A community proposal for a framework to define research software

We all have questions that keep us up at night. What is the meaning of life? Or should I really have eaten that indian food for dinner? For me, I’ve been pondering definitions around research software engineering for some time. What is a research software engineer? What is research software? For the first, this pondering led to the creation of RSE Stories, I didn’t think any single person or group of experts could define what a research software engineer could be, so I decided to let the people speak for themselves. But for the second, what is research software? This is still a really hard question. And thinking about this last night prompted me to start writing today, and now at the end of the day, I want to share an early early draft for this work. So without further adeiu, here is “What is a research software engineer: a community proposal for a framework to define research software.” You can listen here, read more below, or jump right into contributing to the document. I want this to be a community effort, and so I invite you to comment and suggest changes. We will figure out the right place to put this, and proactively proceed with next steps.

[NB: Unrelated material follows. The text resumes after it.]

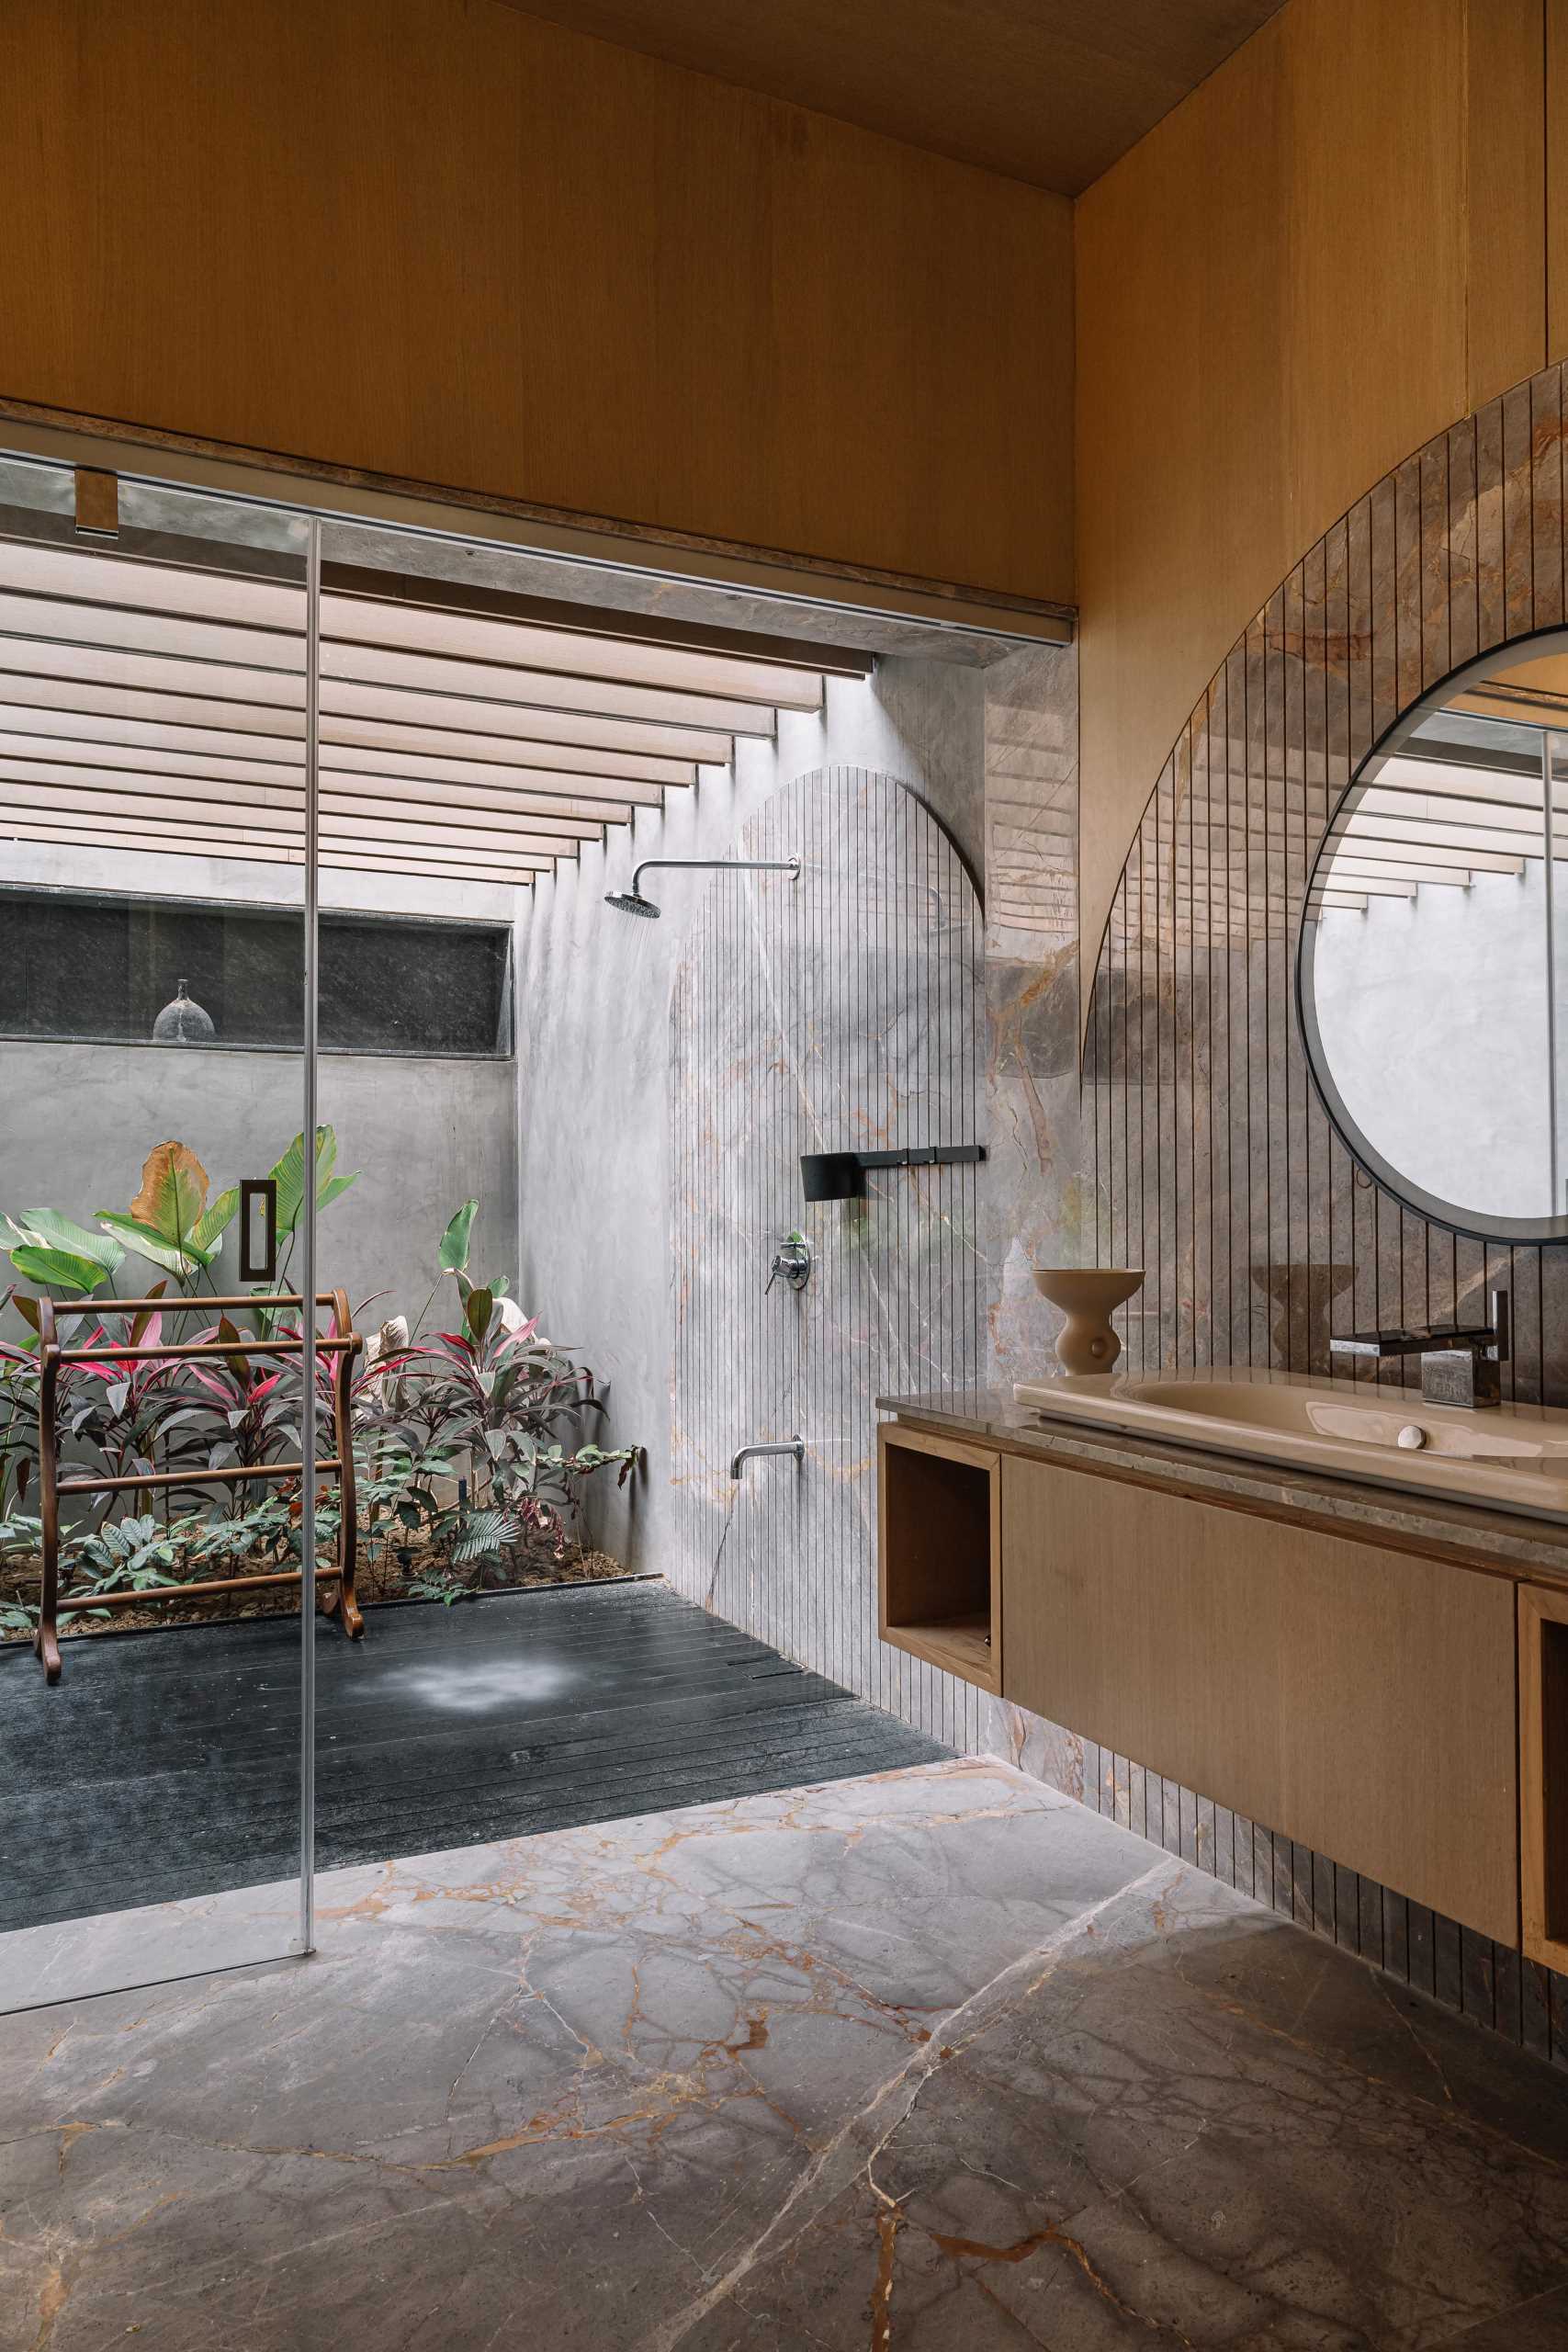 A modern bathroom with a private outdoor s،wer.

vsoch · What is Research Software? A Community Proposal for a Method to derive definitions

What is Research Software?

When you encounter a bear in the woods, you can be pretty sure that it’s a bear. You might recognize features from childhood stories, the Discovery channel, or maybe even previous encounters. But then, what if someone asks you to sit down, and write a definition for a bear? How might you start? Well, you might be somewhat confident that it’s a mammal, so you start with those features: having hair or fur, teeth, what were the other ones again? We don’t need to work very hard because a lot of work has already gone into defining the features of a mammal. Without listing them all, the creature in question also needs to have sweat and mammary glands, three middle ear bones, a neocortex, and a four chambered heart. Now, even if we could make our bear friend transparent and see into him to answer these questions, we are again left with the same conundrum when we step up to the next level of evaluation - what makes a bear different from any other animal? What features are especially beary?

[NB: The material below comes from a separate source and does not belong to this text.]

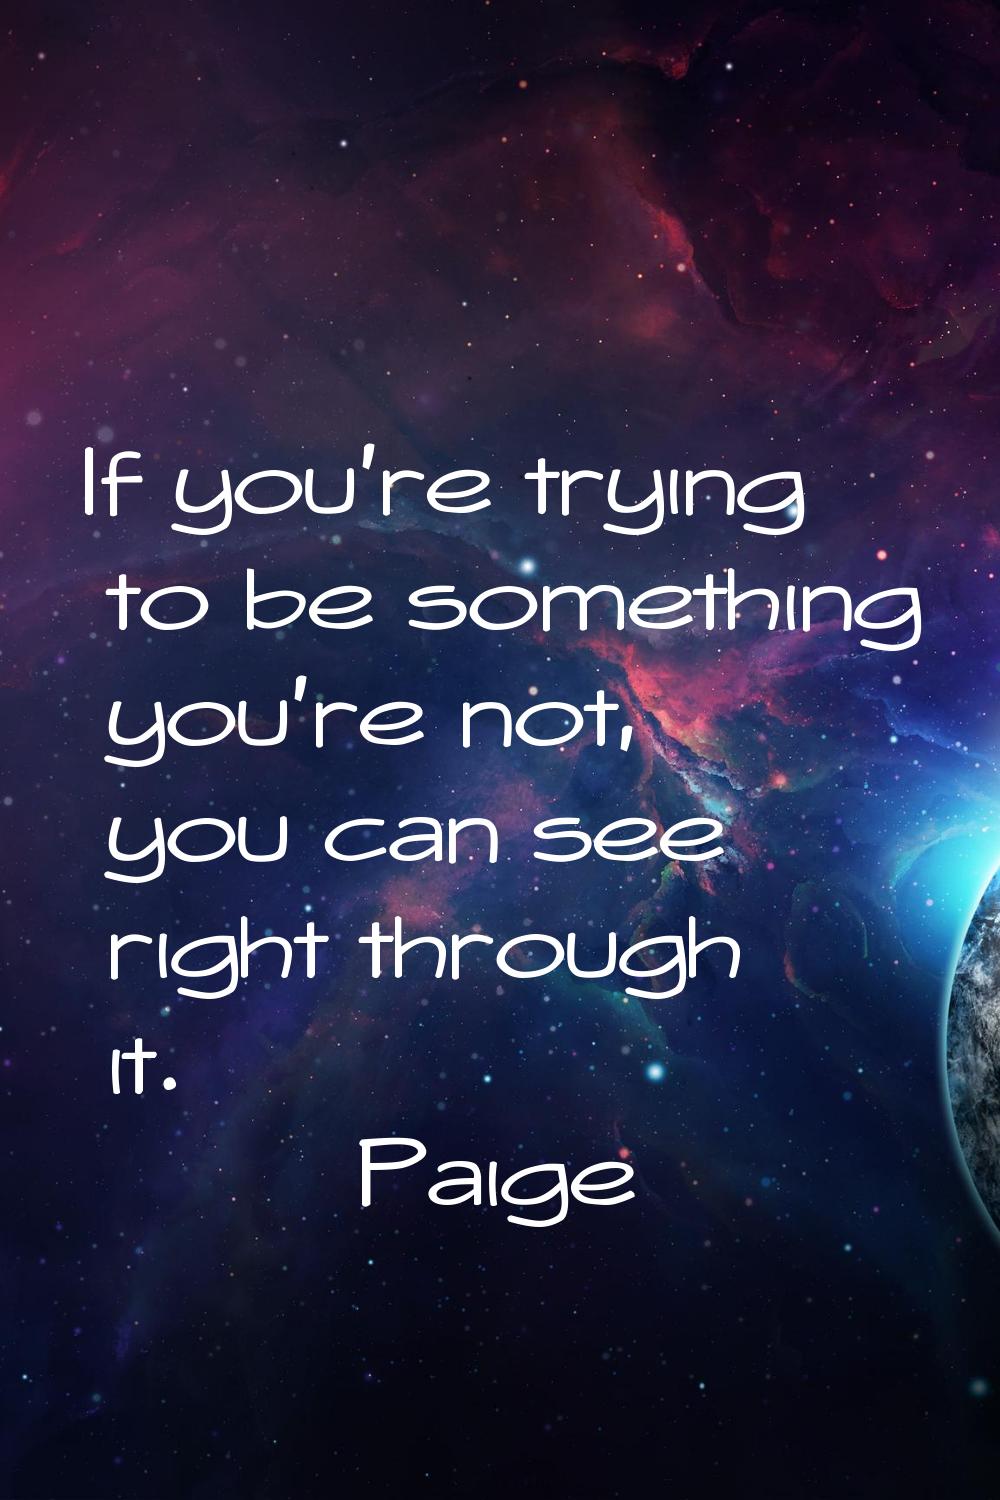 If you're trying to be something you're not, you can see right through it.

The same conundrum exists for research software. We have a pretty strong sense of what constitutes software - it is some kind of compiled or interpreted program that is run by a computer. But then, what distinguishes “research software” from all other software? And further, do we really care about a set of exact attributes, or are we interested in amassing some significant number of general features? To return to our previous example with bears, I might step back and decide that I care less about identifying the bear, but rather, identifying a creature that might present some danger to me. This changes our way of thinking entirely because instead of thinking about ear bones and mammary glands, we start to consider size, aggression, presence of teeth, and arguably much more useful features in the context of our use case.

This brings us to the idea that context is important. If I care about finding an animal to train for a honey commercial, my criteria will be very different than if I care about identifying a beast that might eat me for dinner. This kind of context is equally important when we discuss research software, as the needs of a group or individual clearly frame any subsequent evaluation. Thus, instead of trying to provide a single definition for research software, we instead need a method or framework to go about evaluating some software in the context relevant to our needs. While our personal choice of some threshold or subset of categories to use for our needs is subjective, the criteria and categorization provided by this framework should not be. Discussion of how to develop these criteria and categories as a base to define research software is the goal that this document aims to address.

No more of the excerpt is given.